**Exercise goal:**
The line containing "Kuwait 1225-1227, MNH." and every line after it, through the end of the material: copy these exactly and nothing else, leaving pictures out.

**Data:**
════

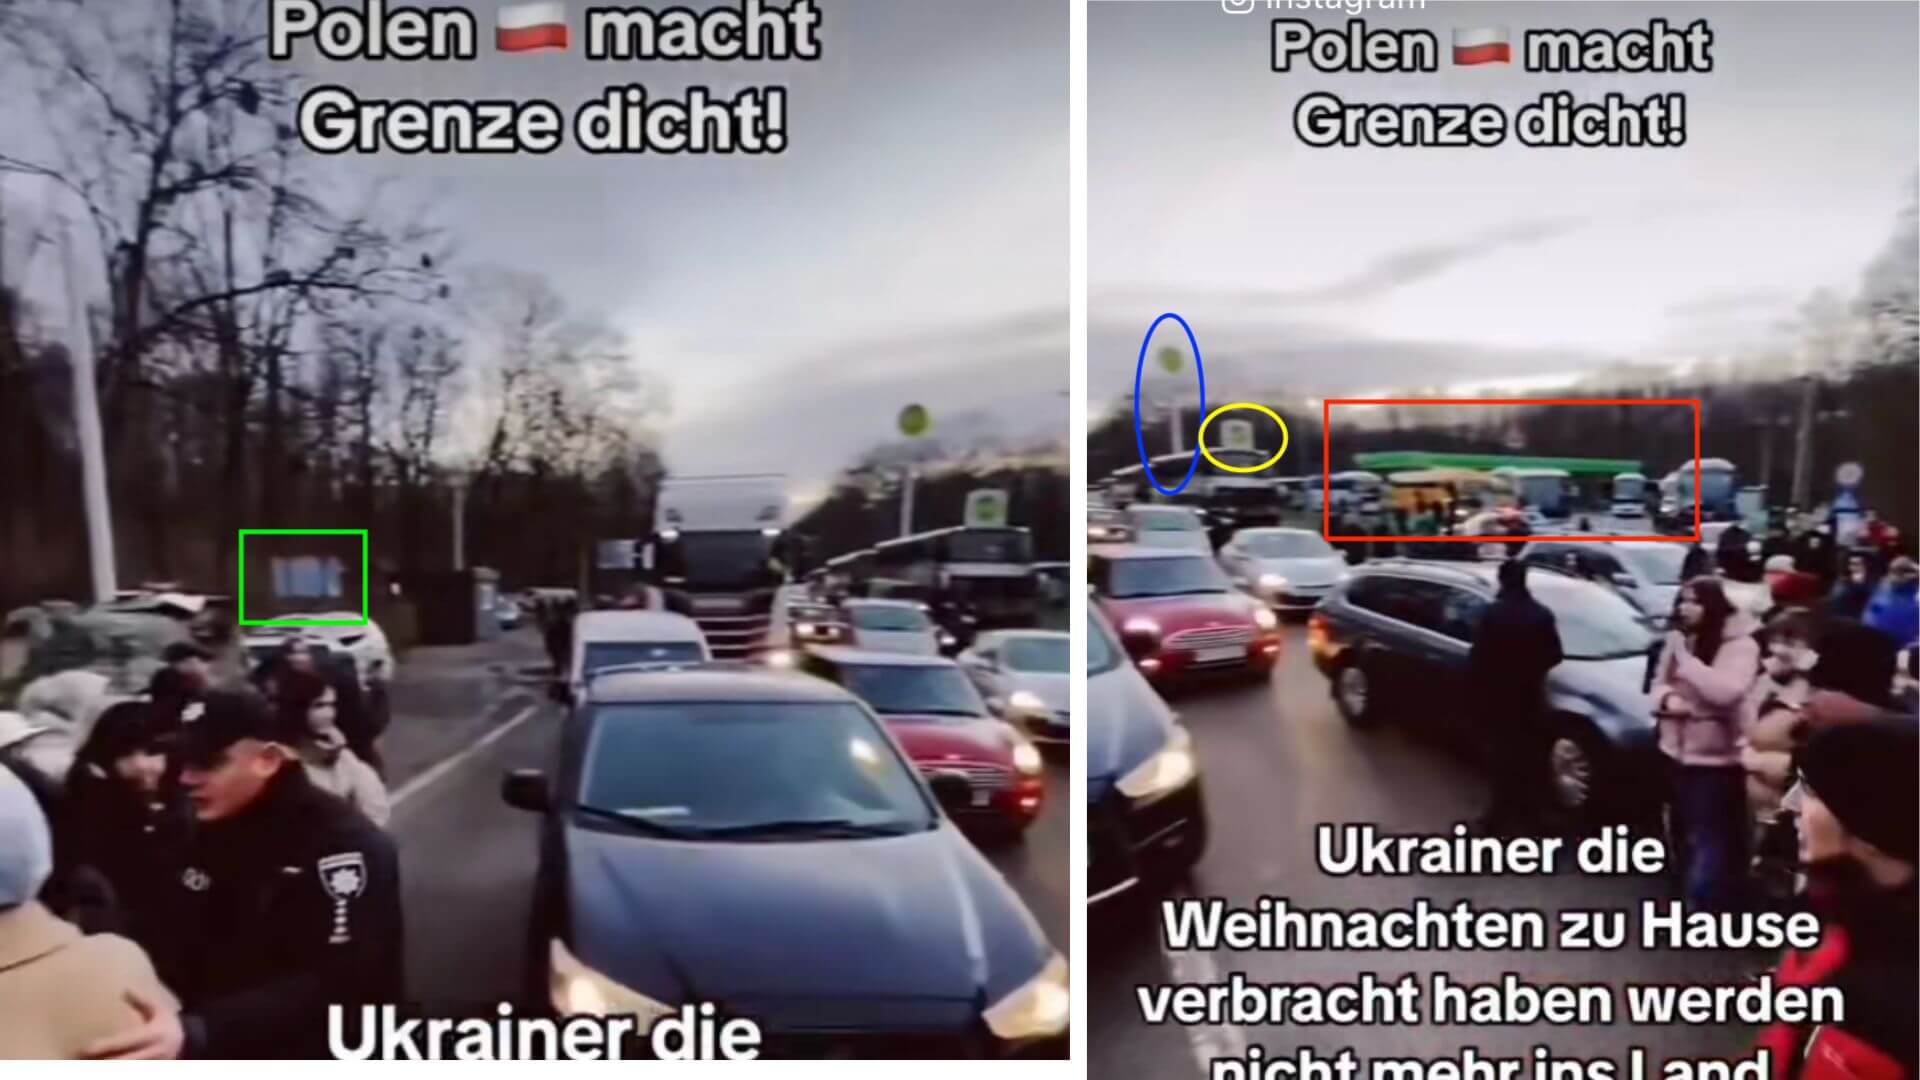 In einem Video über die angebliche Grenzschließung Polens sind eine Tankstelle und mehrere Schilder zu erkennen
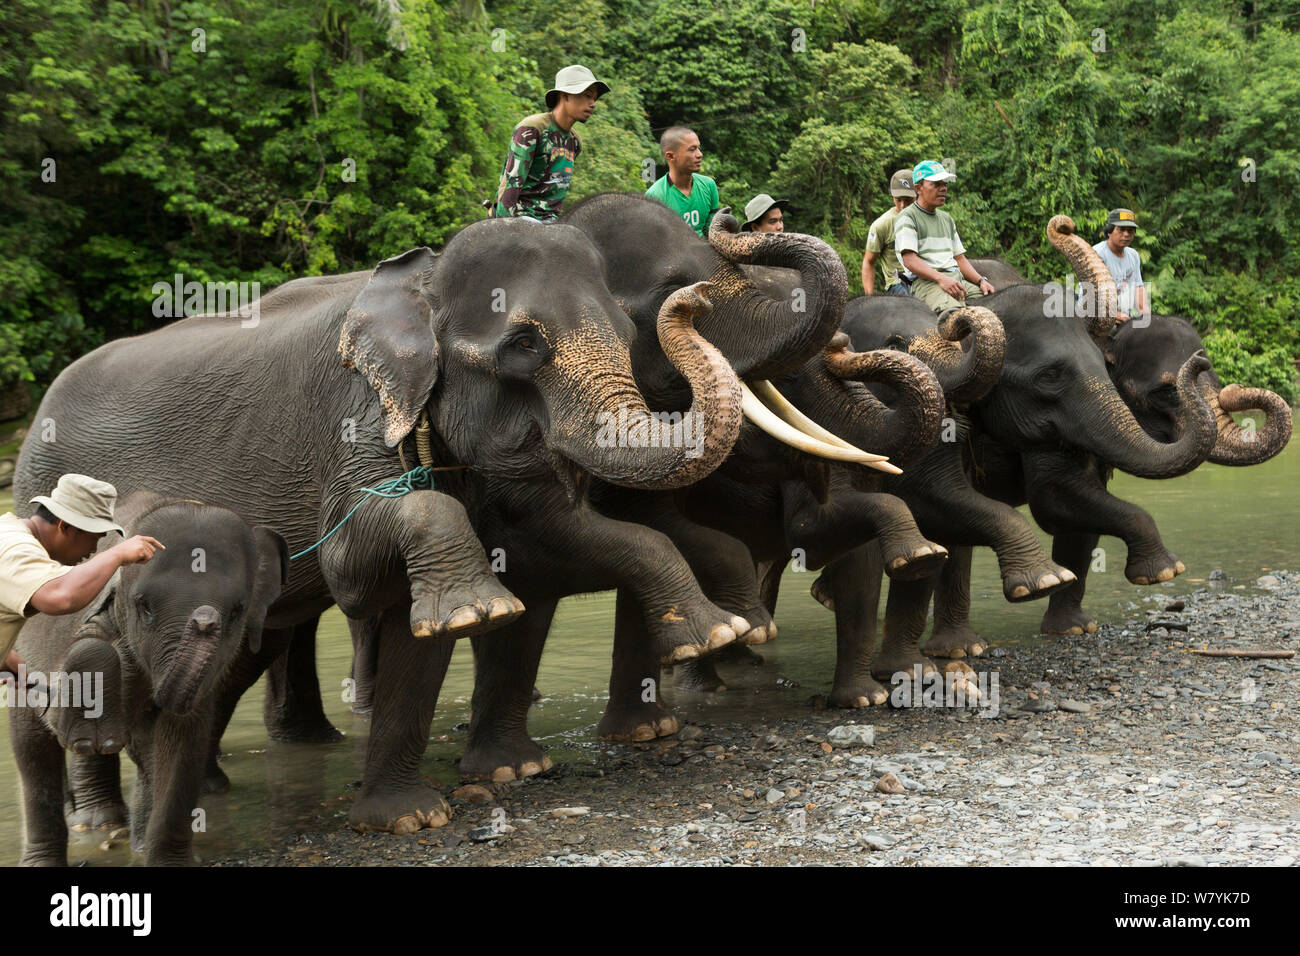 Elefanti di Sumatra (Elephas maximus sumatranus) ha insegnato per sollevare i piedi contemporaneamente. Riabilitato e gli elefanti addomesticati utilizzati dai rangers per pattugliare la foresta e a giocare con i turisti. Tangkahan, Gunung Leuser NP, Sumatra, Indonesia. Foto Stock
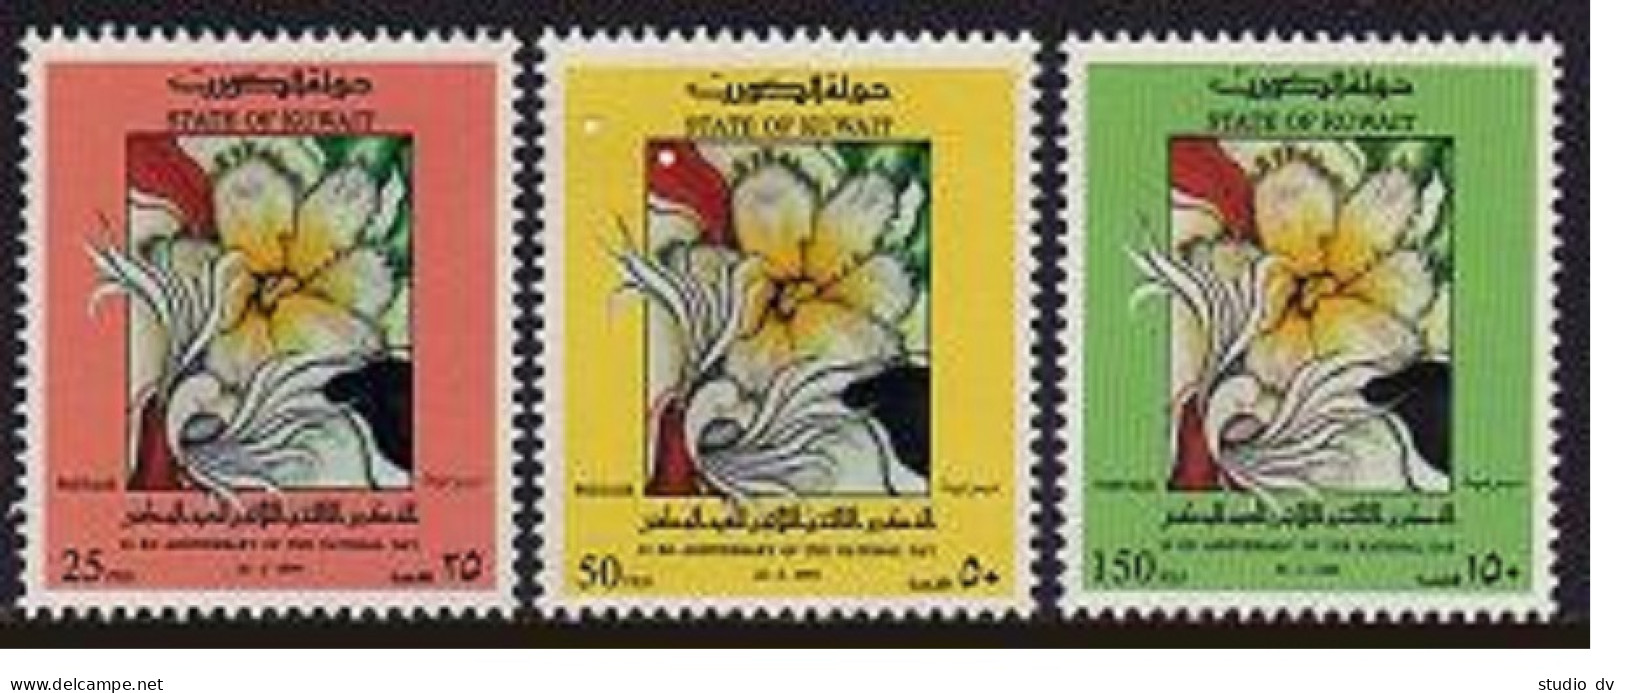 Kuwait 1225-1227, MNH. Michel 1357-1359. 33rd National Day, 1994. Flowers. - Kuwait
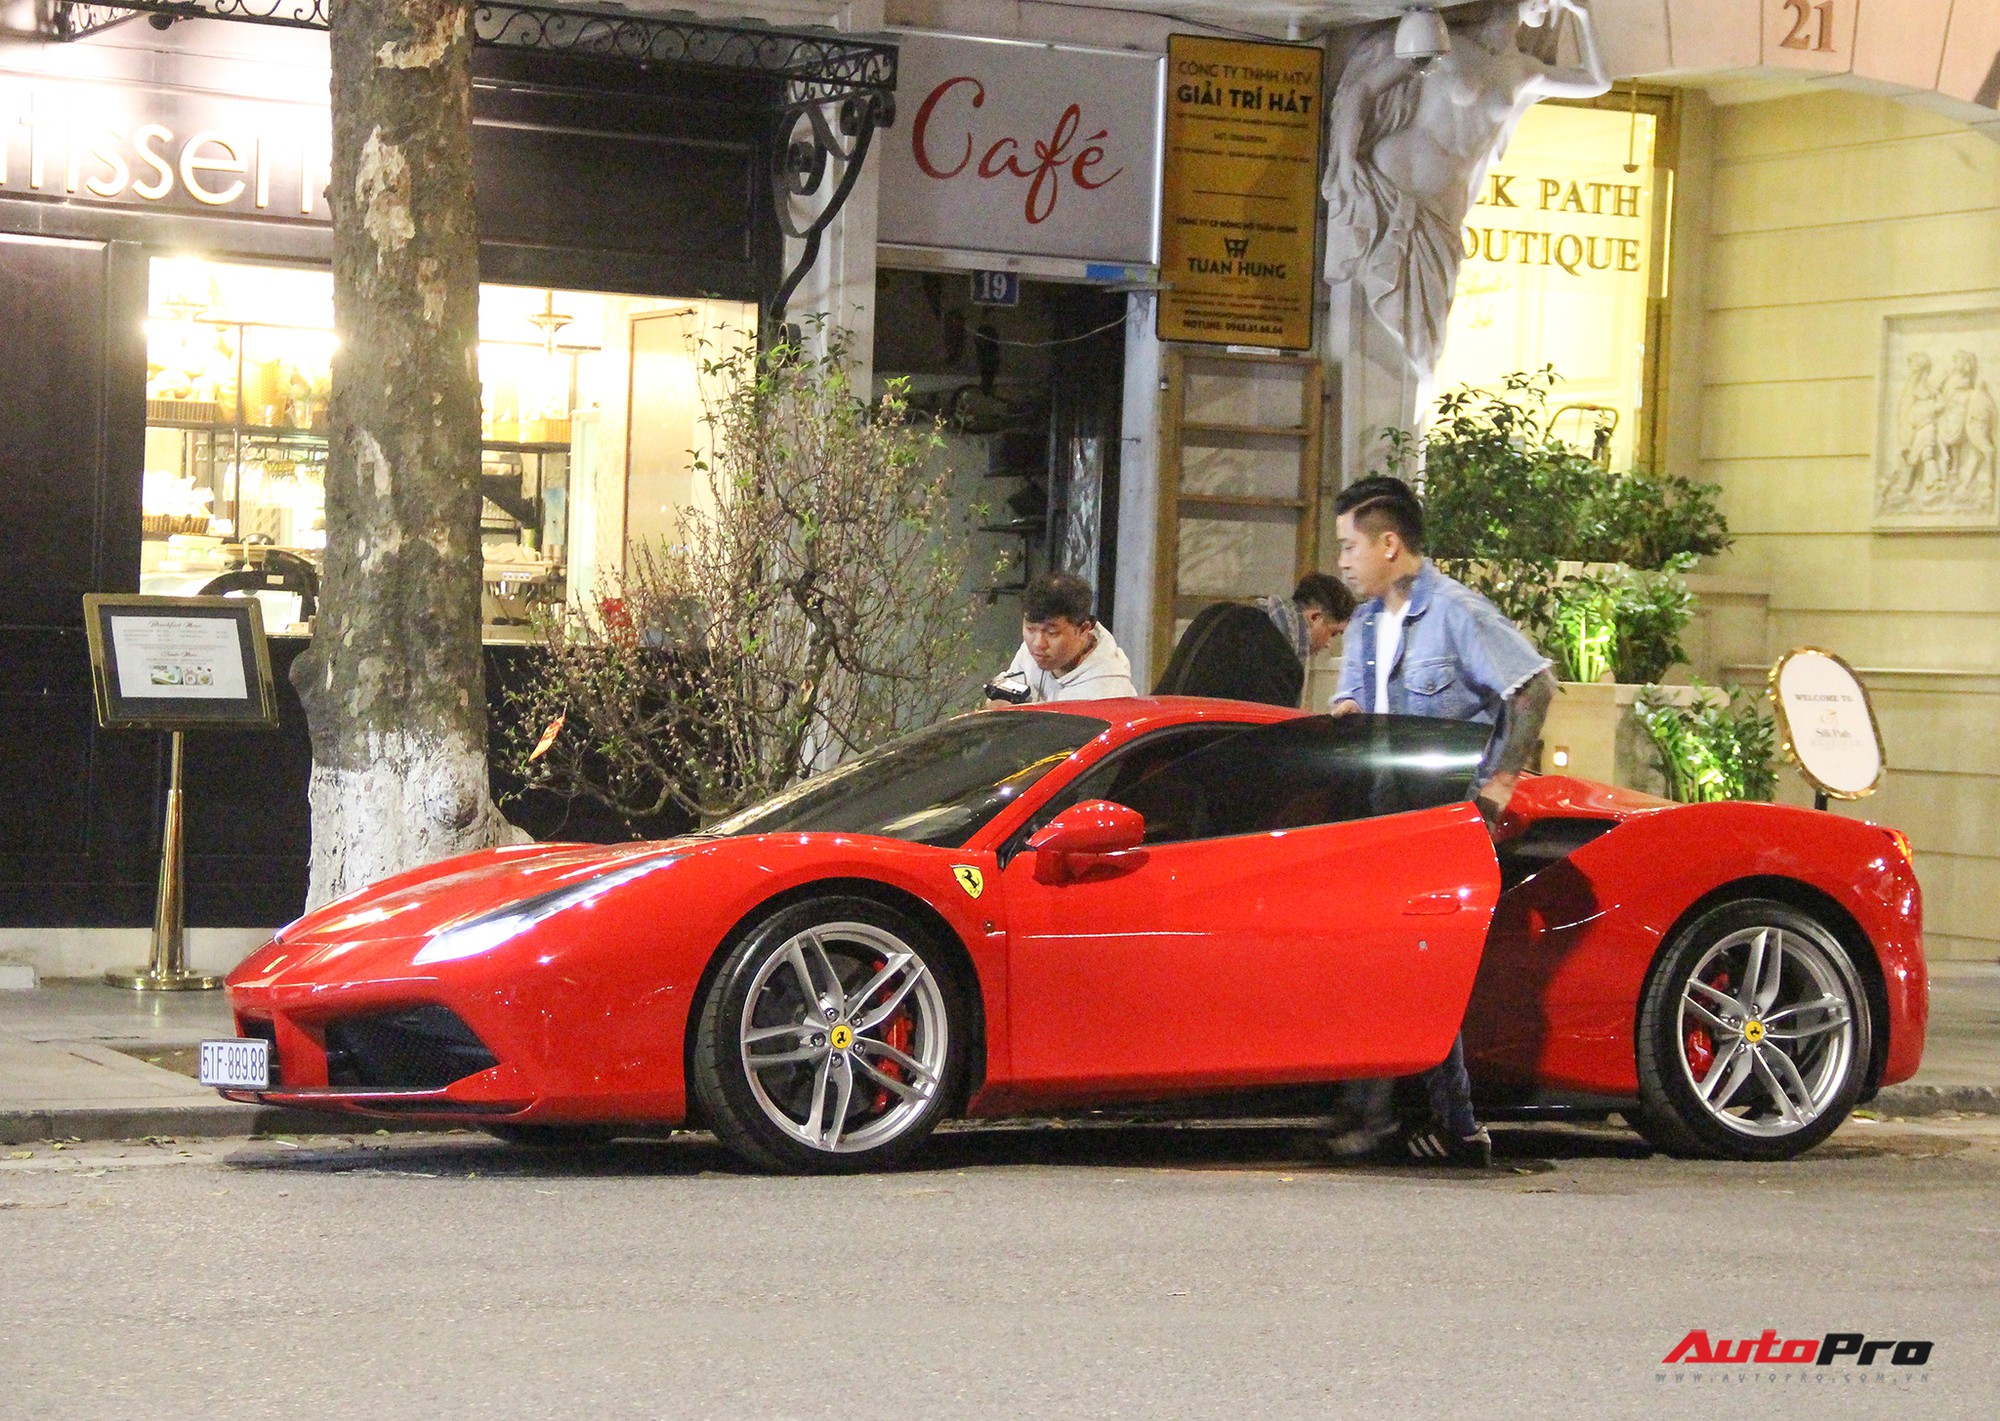 Ca sĩ Tuấn Hưng sở hữu siêu xe Ferrari 16 tỷ đồng

════

**Response to the task:**
 Kuwait 1225-1227, MNH. Michel 1357-1359. 33rd National Day, 1994. Flowers. - Kuwait
 Ca sĩ Tuấn Hưng sở hữu siêu xe Ferrari 16 tỷ đồng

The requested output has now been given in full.